* [Provided data]:
════════════════
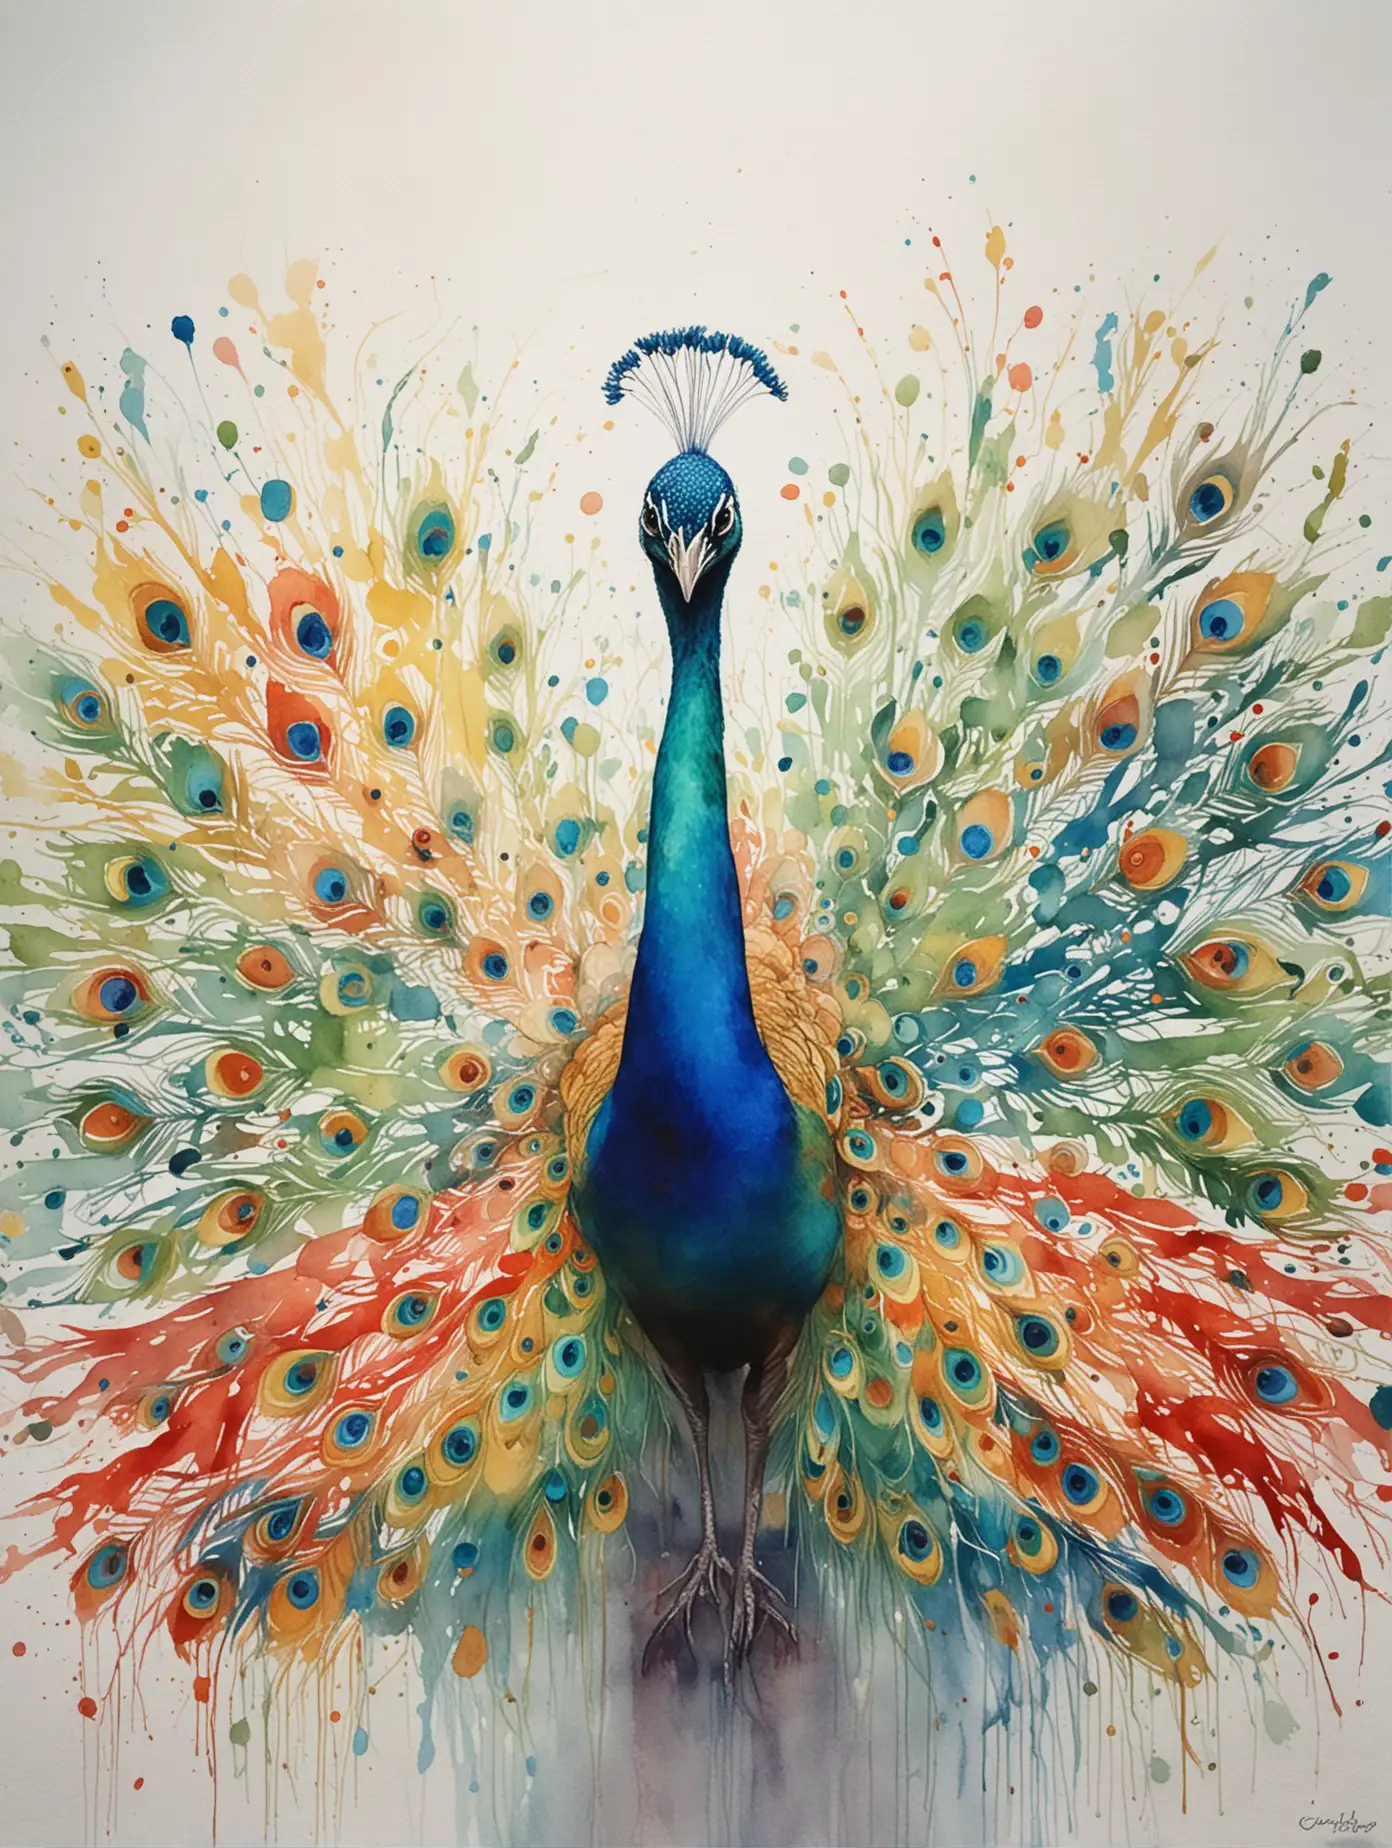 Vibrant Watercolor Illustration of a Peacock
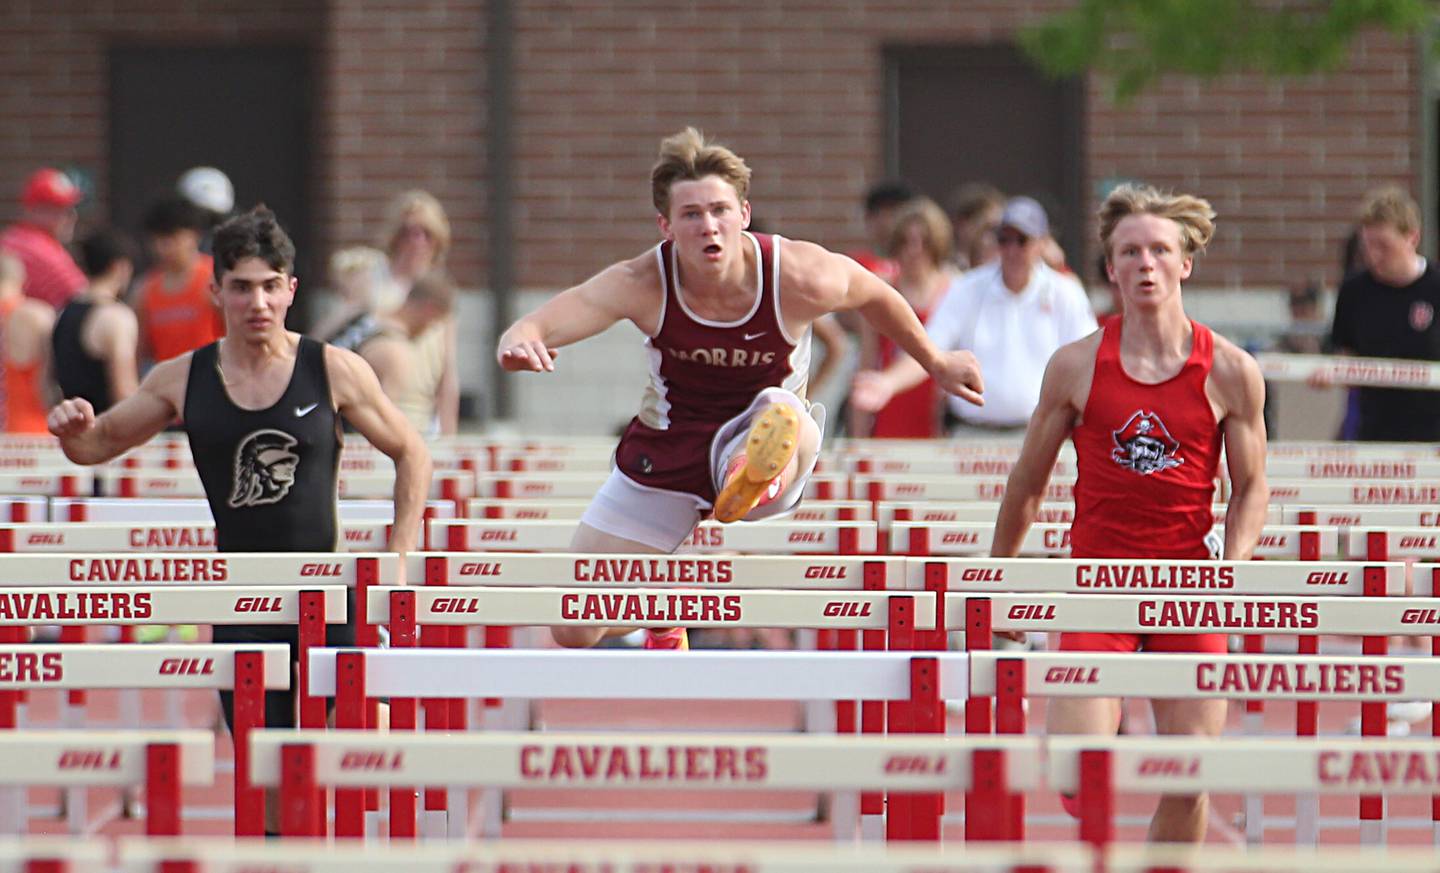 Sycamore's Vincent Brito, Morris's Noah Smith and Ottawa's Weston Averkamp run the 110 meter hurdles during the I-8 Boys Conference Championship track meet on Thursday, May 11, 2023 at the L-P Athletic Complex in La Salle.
════════════════
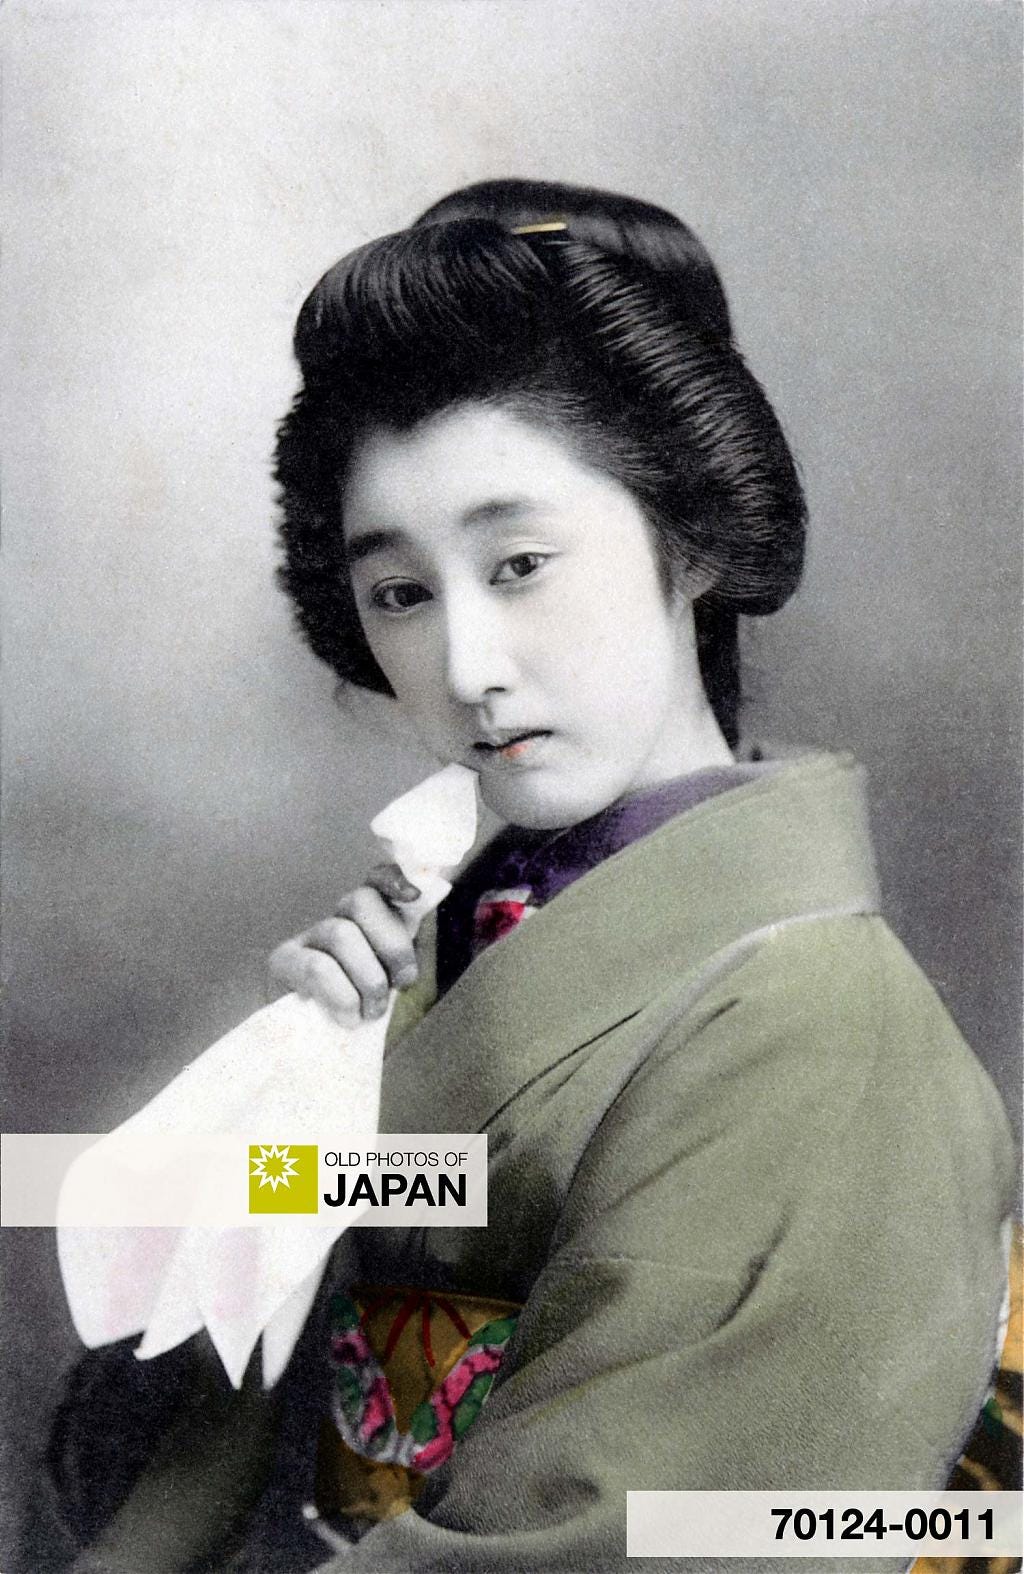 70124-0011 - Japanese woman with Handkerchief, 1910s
════════════════
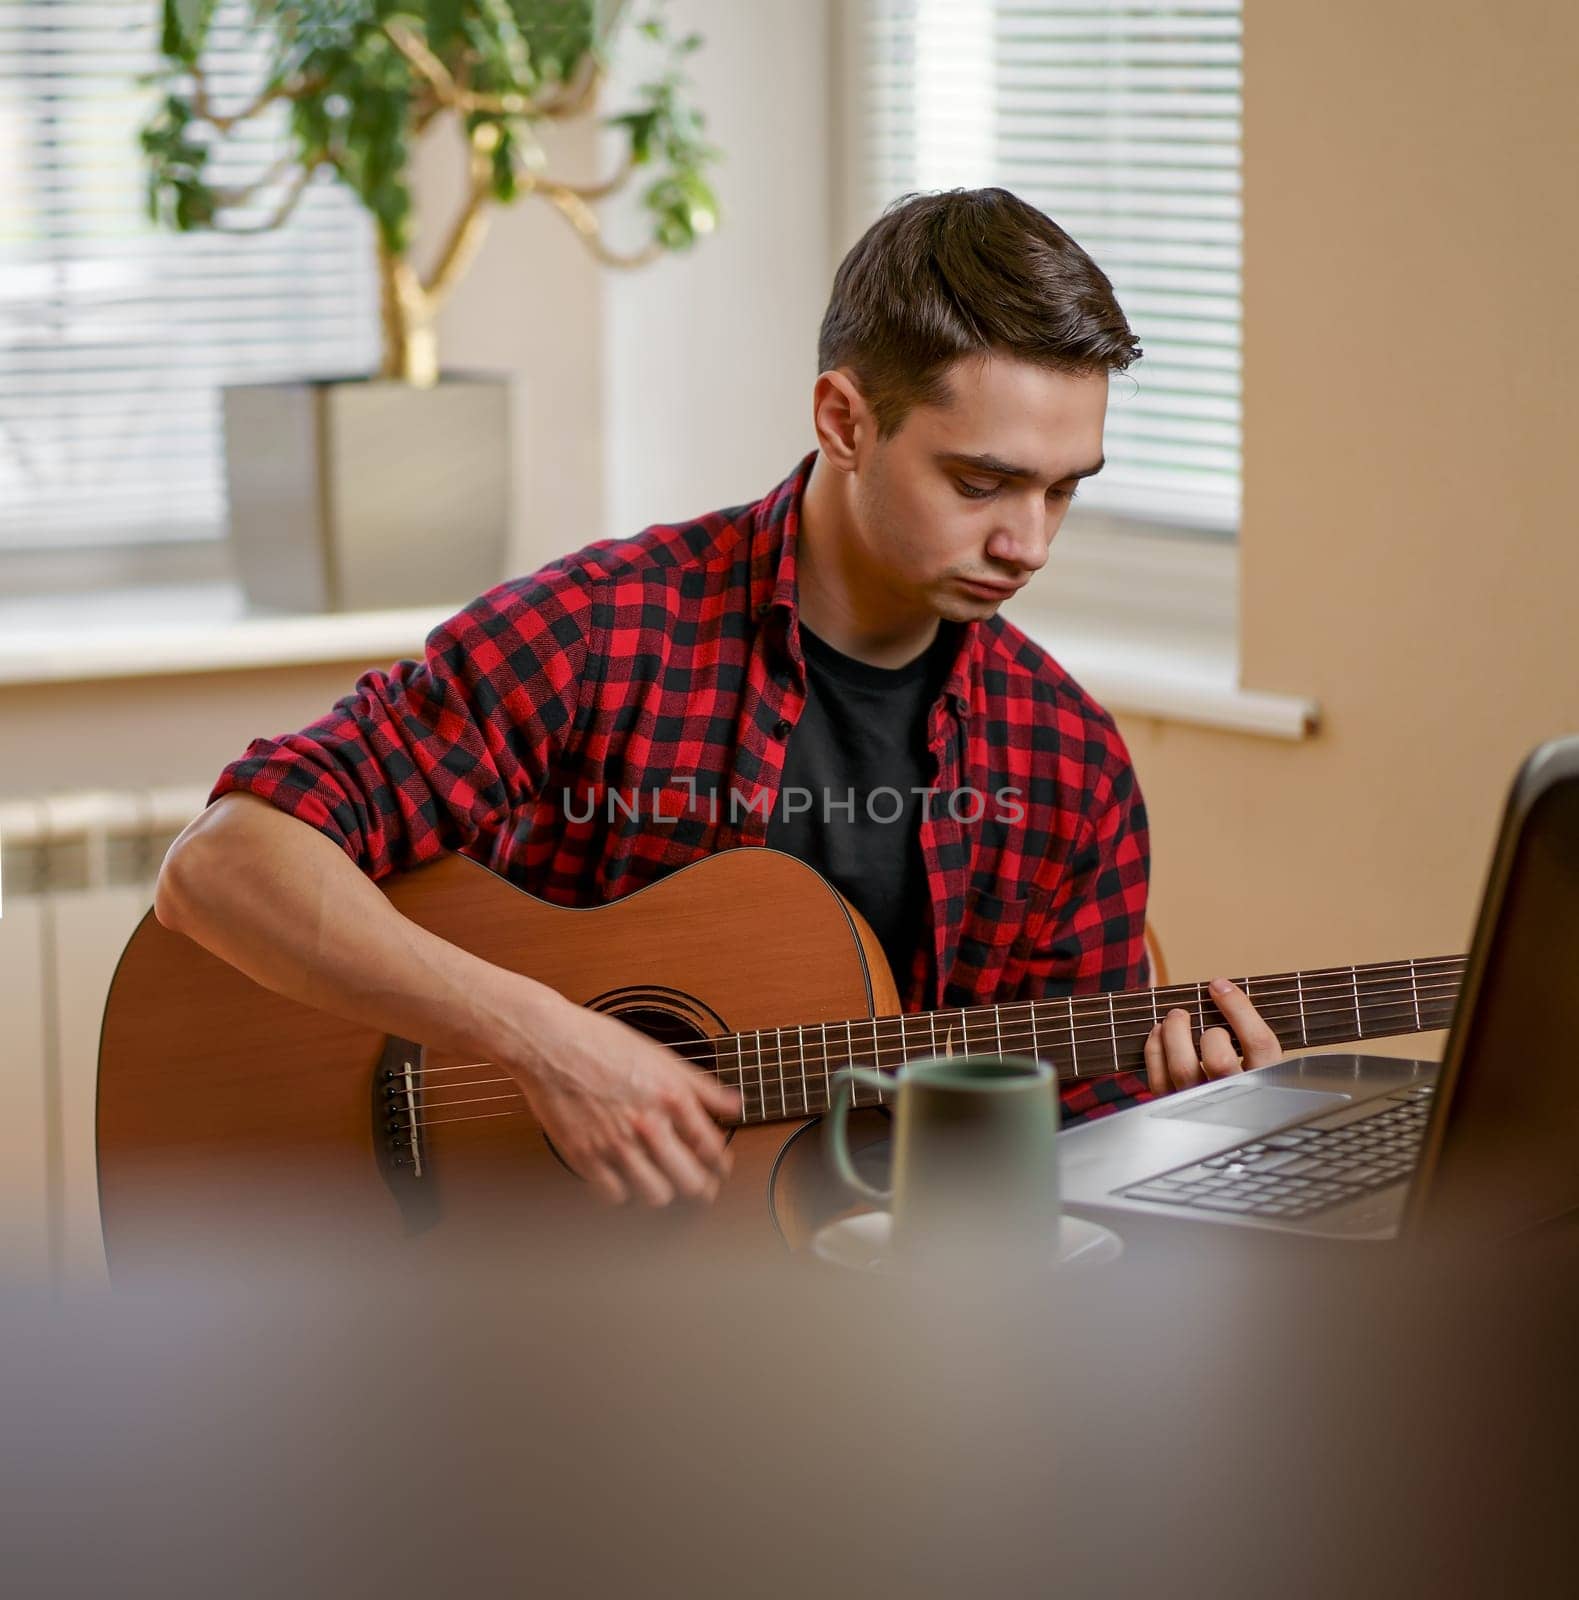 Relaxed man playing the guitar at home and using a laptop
════════════════
Within the material above, only the stretch from the line holding "Vibrant Watercolor Illustration of a Peacock" through the line holding "Sycamore's Vincent Brito, Morris's" is to be restated exactly. Pictures are dropped.

 Vibrant Watercolor Illustration of a Peacock
 Sycamore's Vincent Brito, Morris's Noah Smith and Ottawa's Weston Averkamp run the 110 meter hurdles during the I-8 Boys Conference Championship track meet on Thursday, May 11, 2023 at the L-P Athletic Complex in La Salle.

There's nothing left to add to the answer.